Y a propósito de su autor, Tchemychevski, hay que hacer notar que en aquel momento no veía él tanto el triunfo del realismo como la lucha por su formación en una atmósfera todavía más romántica que realista; aspecto de gran importancia para la valoración definitiva de la obra gogoliana. G. fue, en efecto, realista cuando con sus cuentos ucranianos conquistó al pueblo ruso, porque realista era el espíritu de observación que lo indujo a escribirlos; pero no lo fue cuando quiso disertar sobre este mismo espíritu. Fue realista por el esfuerzo en dibujar de manera realista, pero no por el empleo de los colores; lo fue también por la capacidad de penetración en la psiquis humana, pero no por la incapacidad en liberarse de las supersticiones de sus propias elucubraciones, posiciones todas que lo empujaban hacia los románticos. Vista así su figura pierde quizá a los ojos de quien quisiera conservarla con etiqueta de la «escuela naturalista», pero gana, en cambio, en perspectiva cuando se la considera desde un punto de vista en el que el artista se encuentra en primer plano como creador libre, aun a costa de hallarse muchas veces en contradicción consigo mismo.

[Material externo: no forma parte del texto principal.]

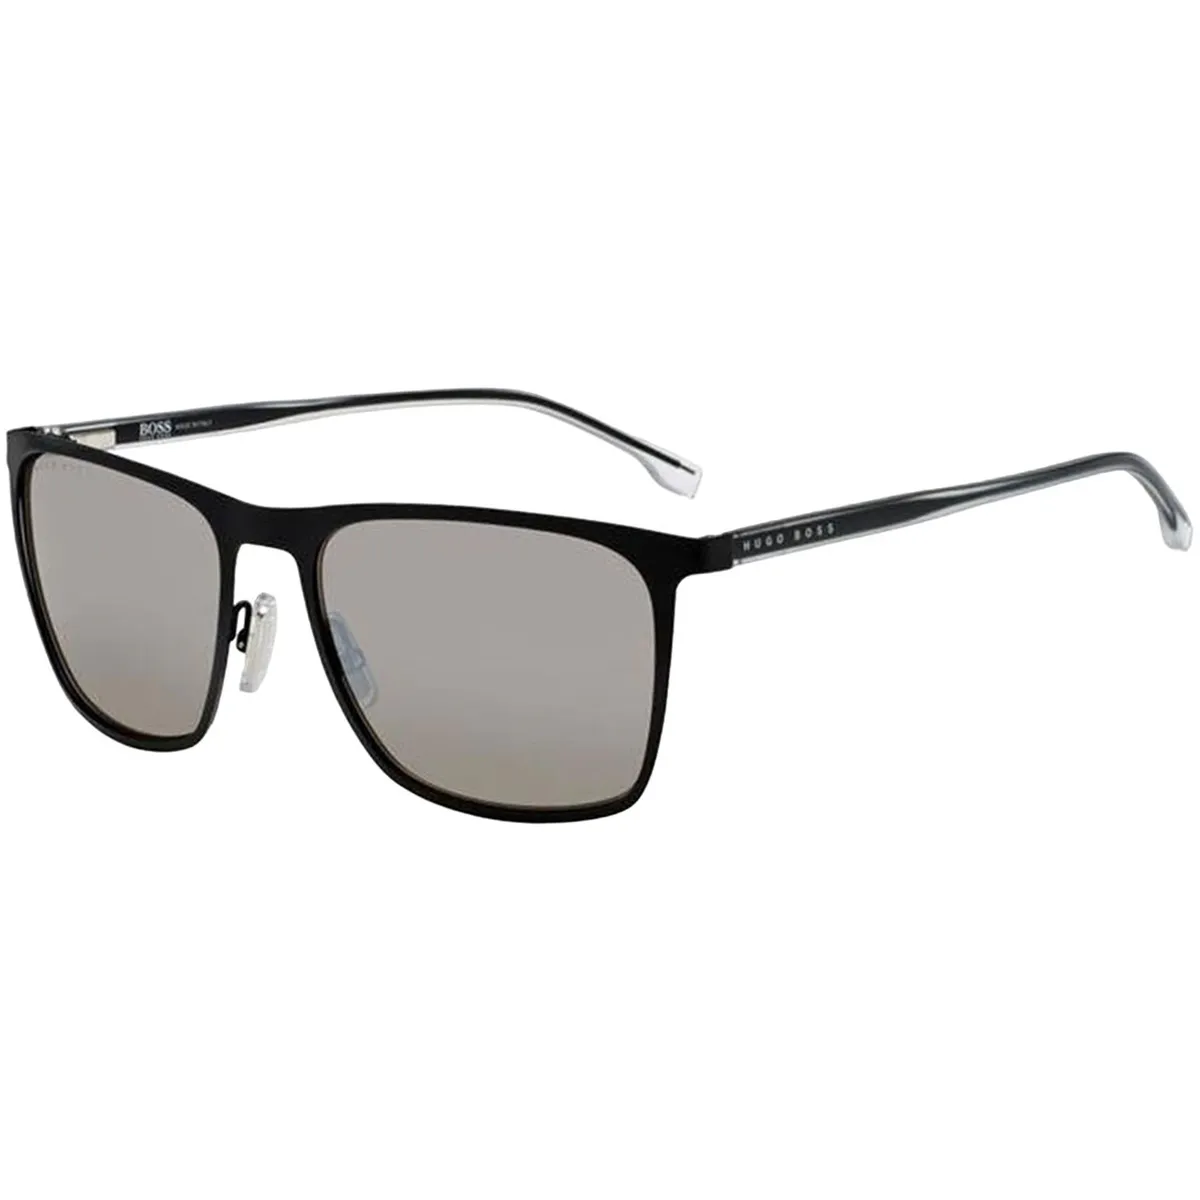 Hugo Boss Sunglasses Steel Rectangular Frame 1149/S/IT 0003 T4 | eBay

Situado en el umbral de la narrativa y del teatro ruso moderno, G. es efectivamente el creador de toda una época que, precisamente porque fue dominada por él, le proporcionó el singular destino de ser discutido con igual fervor y convicción por corrientes diversas, tanto en el campo de la literatura como en el de la vida político-social: realista para unos, romántico para otros; liberal para los primeros, conservador para los segundos. Más que en ningún otro escritor ruso, se ve en él la insuficiencia de las etiquetas y cómo se acumulan y funden efectivamente en el genio innumerables posibilidades de interpretación y valoración. Fue padre del realismo ruso y al mismo tiempo fruto del romanticismo sano o morboso de sus tiempos; pero fue algo más: realista y romántico a la vez, y por ello hijo de aquella Rusia en la que el cielo gris de Petersburgo se confundía con el azul de Ucrania; gris y azul que se confundían también en el genio del escritor.